Traditionally breast cancers have been classified broadly into ductal and lobular types based on their ability to form ducts and cellular cohesiveness. A smaller percentage of tumors are classified as “special subtype carcinomas”. Another important component of morphologic classification is tumor grading that incorporates tubule formation in the tumor, nuclear pleomorphism and a measure of tumor cell proliferation by counting the number of mitotic figures per 10 high power fields. This classification system has been developed and improved over a number of years and provides useful prognostic information. Long term follow up studies have shown an excellent prognosis for Nottingham grade I tumors and a poor survival rate for Nottingham grade III tumors. Although incredibly cheap and extremely useful, the morphologic classification does have several drawbacks. First and foremost, there is no difference in disease free and overall survival between ductal and lobular tumors. Secondly, investigators have used different criteria to define special subtype tumors and most criteria are arbitrary. Last, but not the least, the most important part of morphologic classification i.e. grading suffers from poor inter-observer reproducibility, especially when breast tumors are graded by non-breast pathologists. All the above factors plus the desire to identify new prognostic and predictive factors and the availability of gene expression profiling assays prompted the new molecular classification of breast carcinoma.

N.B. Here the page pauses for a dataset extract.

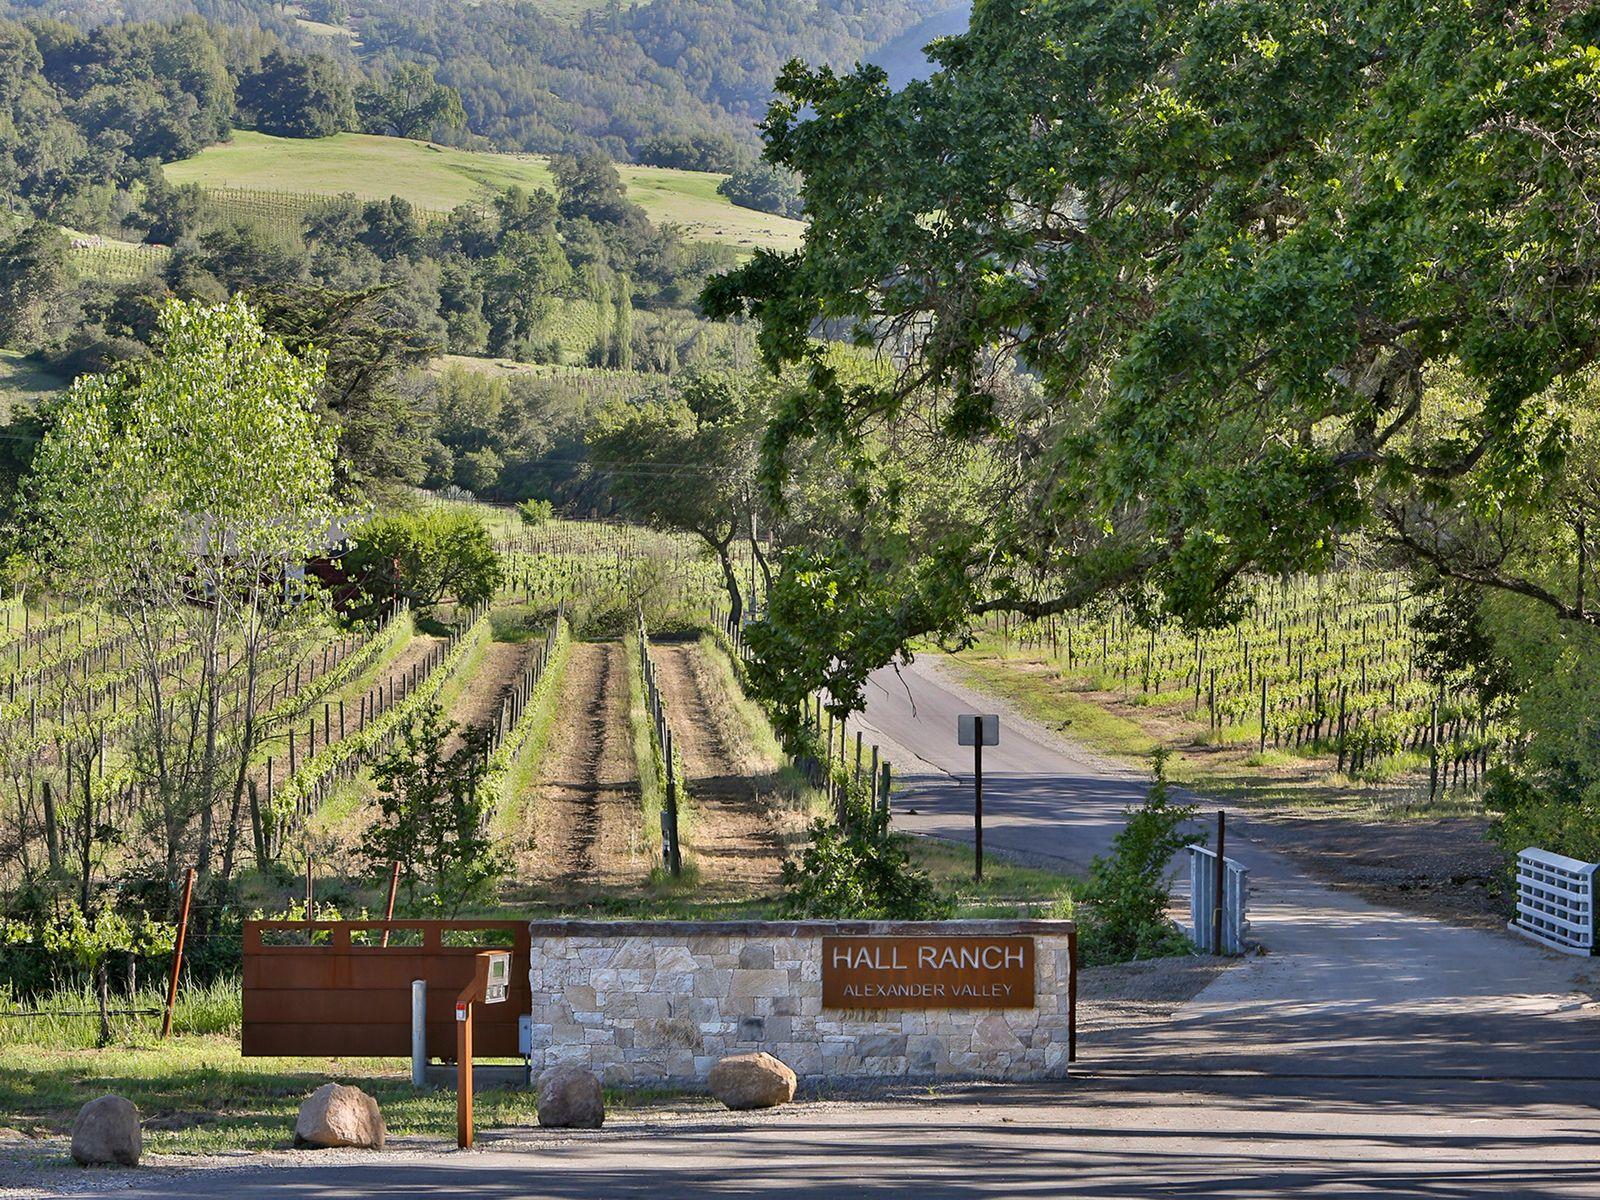 Hall Ranch, Alexander Valley

 In the past decade, apart from intrinsic gene set based molecular classification, several other multi-gene prediction assays were also described and a few are already in clinical use. A brief summary of the two most prominent tests that are in clinical use is summarized here.

 Seventy gene profile (Mammaprint®): The 70-gene good versus poor outcome model was developed by Van de Vijver et al and Van’t Veer et al. The authors used oligonucleotide array to identify genes that predict prognosis in breast cancer. They estimated that an odds ratio for metastasis among tumors with “good prognosis” gene signature as compared to “poor prognosis” gene signature was approximately 15 using cross validation procedures. The poor prognosis signature consisted of genes regulating cell cycle, invasion, metastasis and angiogenesis. They further studied 295 cases of breast cancers from young patients including pT1 and pT2 cases with (n=144) or without (n=151) lymph node metastasis. Of the 295 cases 180 showed “poor prognosis” and 115 showed “good prognosis” profile and the mean (SE) overall 10 year survival rates were 54.6% (+/- 4.4%) and 94.5% (+/-2.6%) respectively. The estimated hazard ratio for distant metastases with the “poor prognosis” signature as compared to the group with “good prognosis” signature was 5.1. This ratio remained significant, when the groups were analyzed with respect to the lymph node status. This assay has now formed the basis of a commercial test called MammaPrint® (Agendia BV, Amsterdam, The Netherlands). The test was recently cleared by the US Food and Drug Administration for clinical use however ASCO guidelines committee for tumor markers in breast cancer judged that more evidence is required for advocating use in clinical practice. In the meantime a clinical trial assessing the usefulness of MammaPrint® assay is underway. The trial is called MINDACT (Microarray In Node-negative and 1 to 3 positive lymph node Disease may Avoid ChemoTherapy). The trial is a prospective randomized study comparing the 70-gene signature with the common clinical-pathological criteria in selecting patients for adjuvant chemotherapy in breast cancer with 0-3 positive nodes. The trial began in 2007 and involves patients from 9 different European countries. The results are not expected until 2013. Another problem with the test is requirement of fresh frozen tissue containing at least 30% of the invasive tumor and must reach the company in their kit within 5 days of obtaining the tissue. Recent advances have resolved the issue of the need for frozen tissue-the test can now be performed on FFPE.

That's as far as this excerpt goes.